# Mac OS X Cube Timer



## byu (Jun 11, 2009)

This idea of mine has multiple parts. I've always wanted to use CCT. But my computer, doesn't have an Intel core processor, meaning I can't run the latest version of Java, therefore meaning I cannot run CCT.

So, I've been looking for an extremely flexible alternative, and stumbled across JNetCube. Works good, but the interface is too fixed for me. I can't do averages of more than 12 without turning it into a rolling average, etc.

So, I'm going to TRY to create an eloquent, flexible timer program using the Apple Xcode Developer Tools, written in Objective-C designed specifically for Mac OS X Leopard. I have the following books that I will be basing a lot of the code off of:

Programming in Objective-C (Stefan G. Kochan)
Cocoa Programming for Mac OS X Third Edition (Aaron Hillegass)
Learning Cocoa with Objective-C (James Duncan Davidson)

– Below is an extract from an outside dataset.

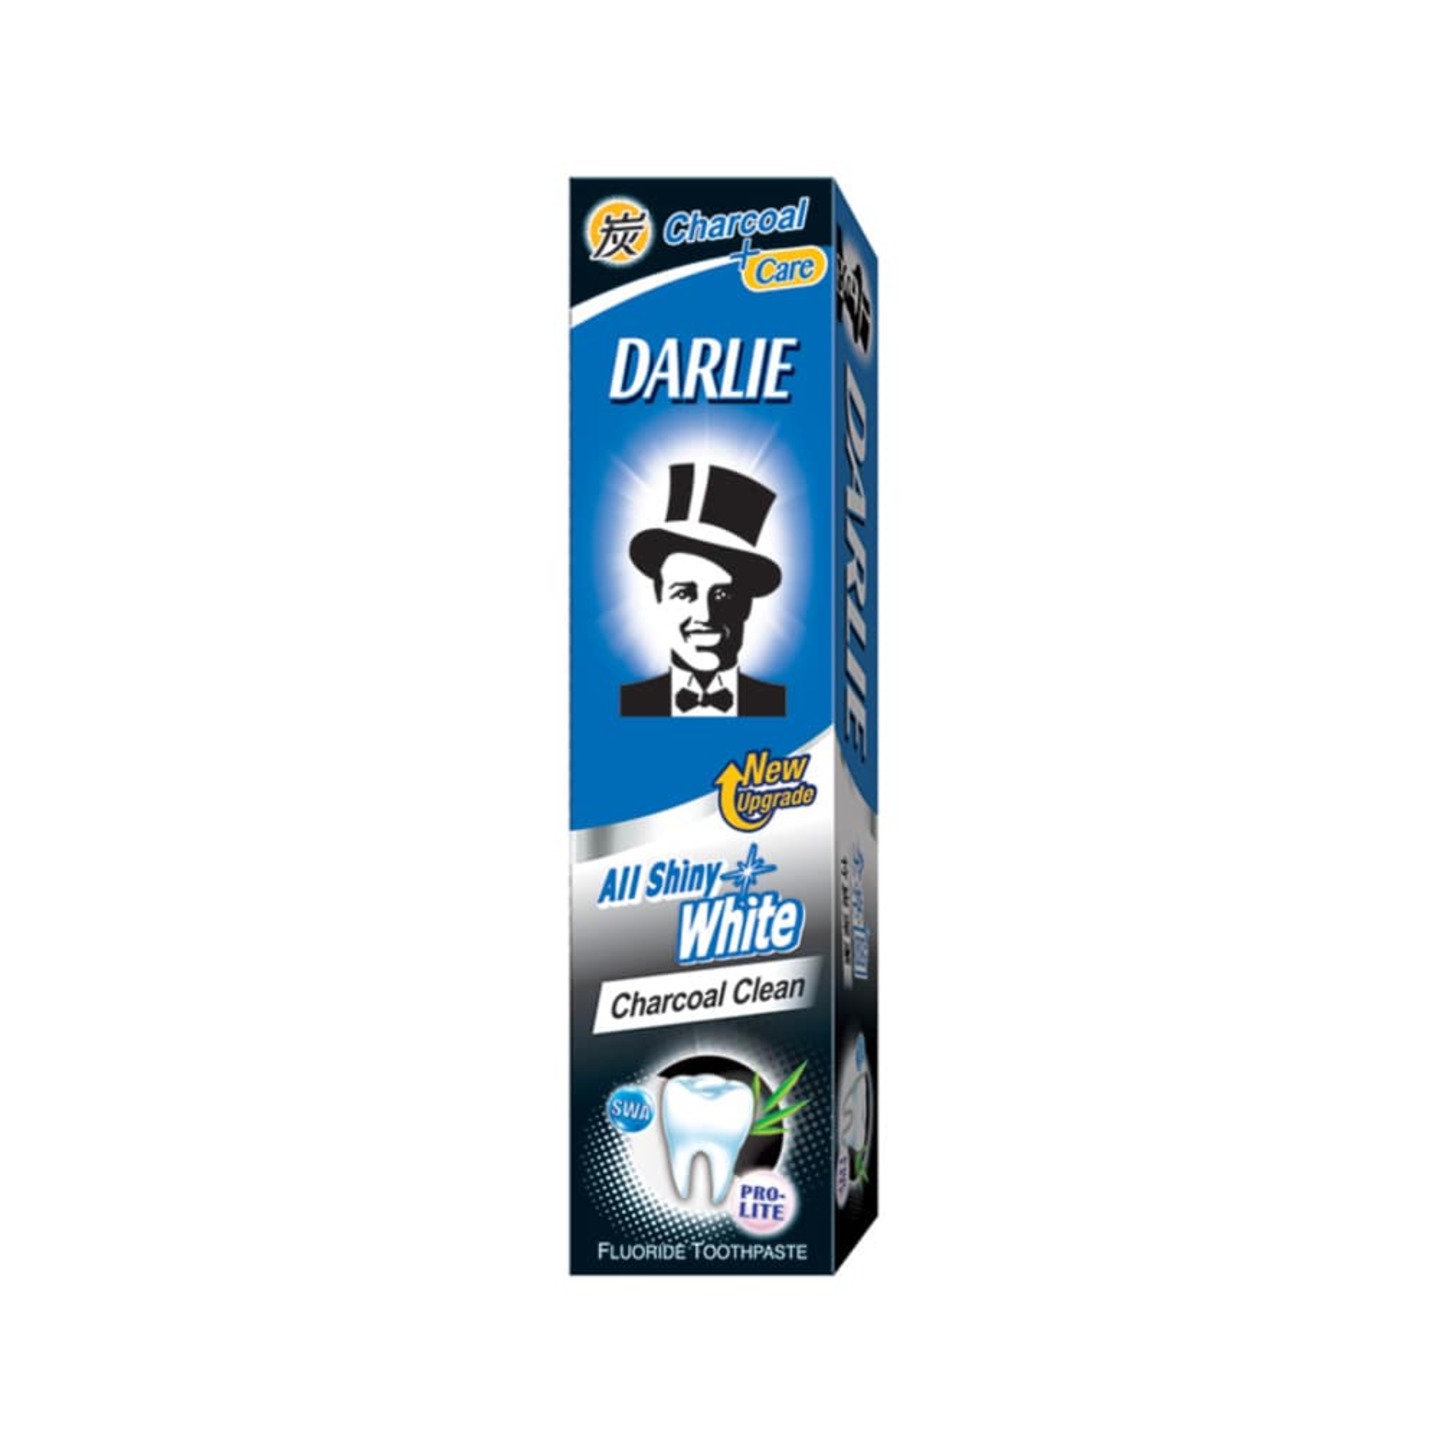 Darlie Toothpaste All Shiny Charcoal

I have a few more, but those are the only ones specifically about Objective-C and Cocoa. If any of you Mac users are interested, I can send you a beta version that I'm working on right now.

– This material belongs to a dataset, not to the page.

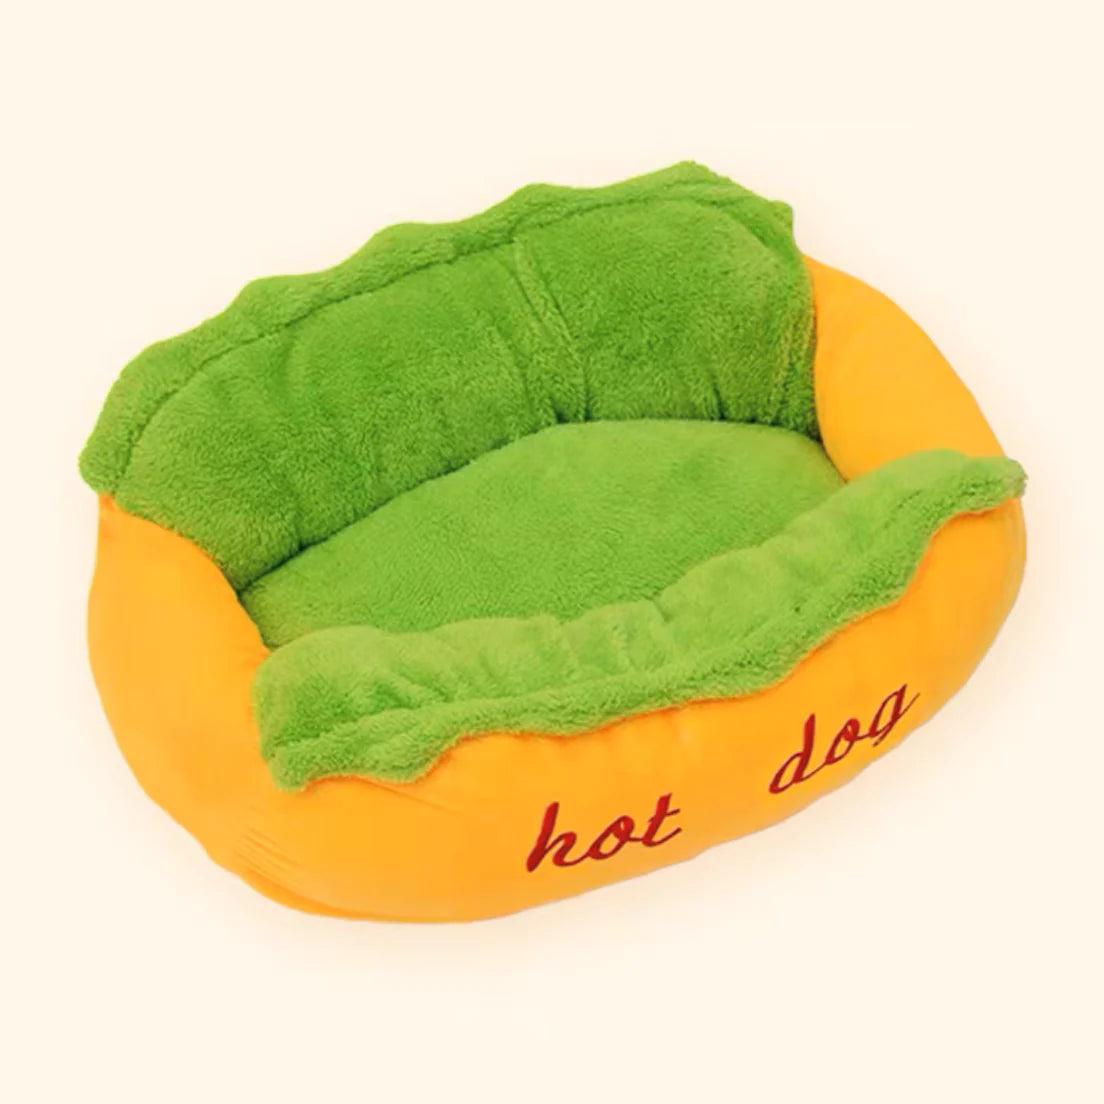 How the Hot Dog Dog Bed Adds Whimsical Comfort to Your Pup's Space

Also, if some PC users could give a detailed list of features in CCT that are your favorites, that would be great, because I could try to implement them.

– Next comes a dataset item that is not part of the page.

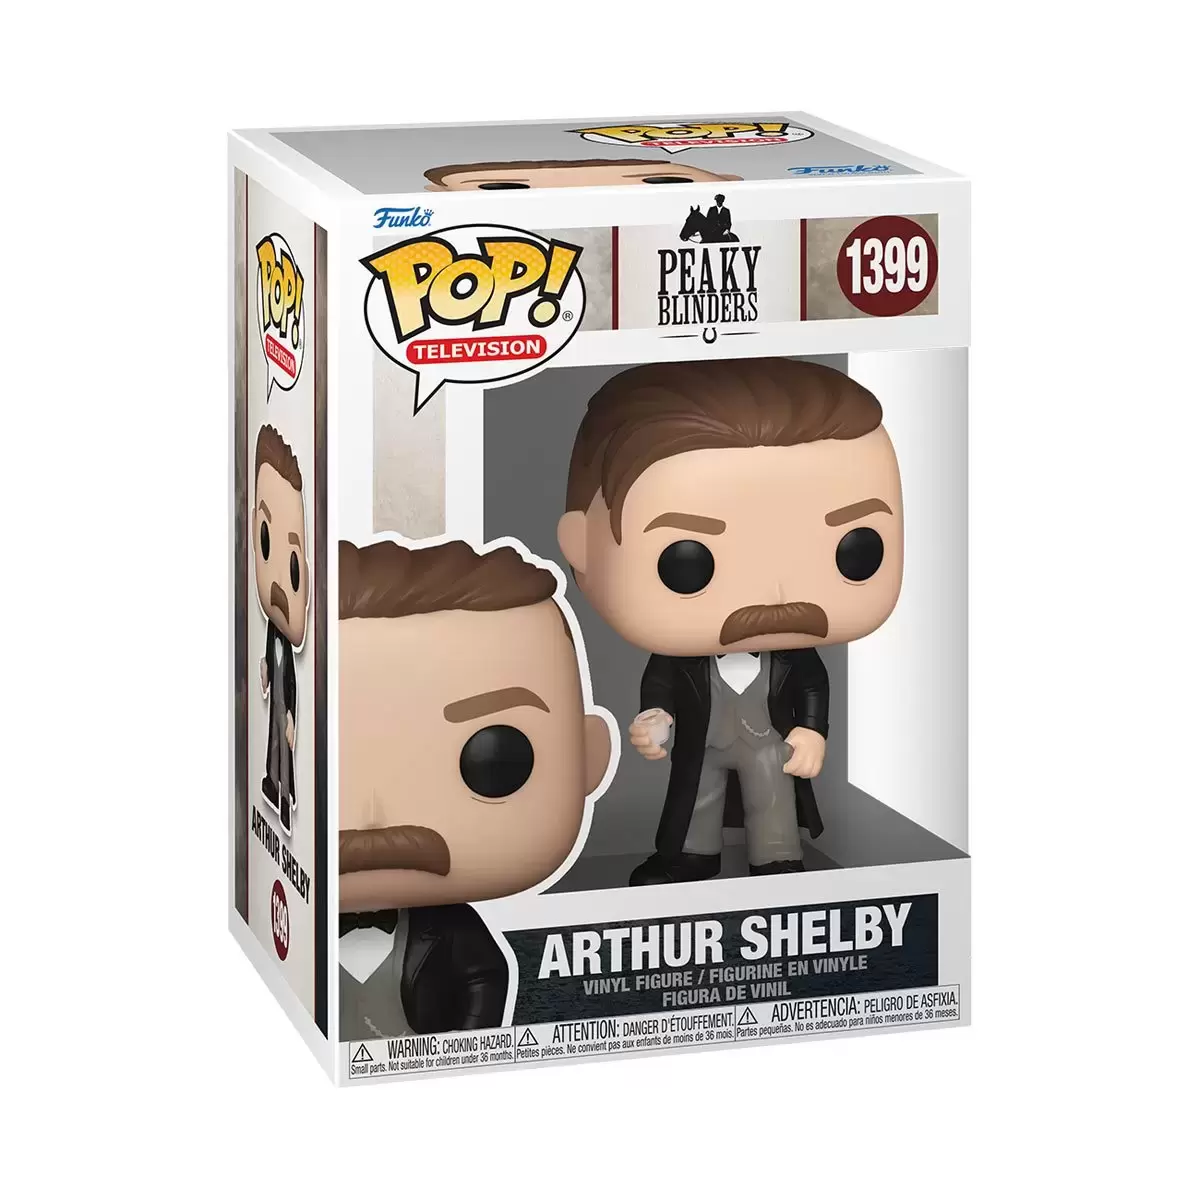 POP! Television - Peaky Blinders - Arthur Shelby

EDIT: Also, I'm looking for a neat name for a program. If you have a good one, let me know.


----------



## masterofthebass (Jun 11, 2009)

eww objective-C. if you really want to be cool, do it in pyobjc  I've been thinking of doing some sort of Cocoa app since I learned the basics of it, but I haven't had any good ideas. Good luck with a program like this, I'll be somewhat of an epic undertaking.


----------



## byu (Jun 11, 2009)

I'm having some very strange difficulty just getting the program to work properly. Any Cocoa users out there? I might have to go to a programming forum.

Basically, I have a XIB file with the entire interface in it, with connections to File's Owner, which is an instance of the class Controller. Controller has two instance variables, timerField and description. I have pointers in the XIB connection Controller to the interface items.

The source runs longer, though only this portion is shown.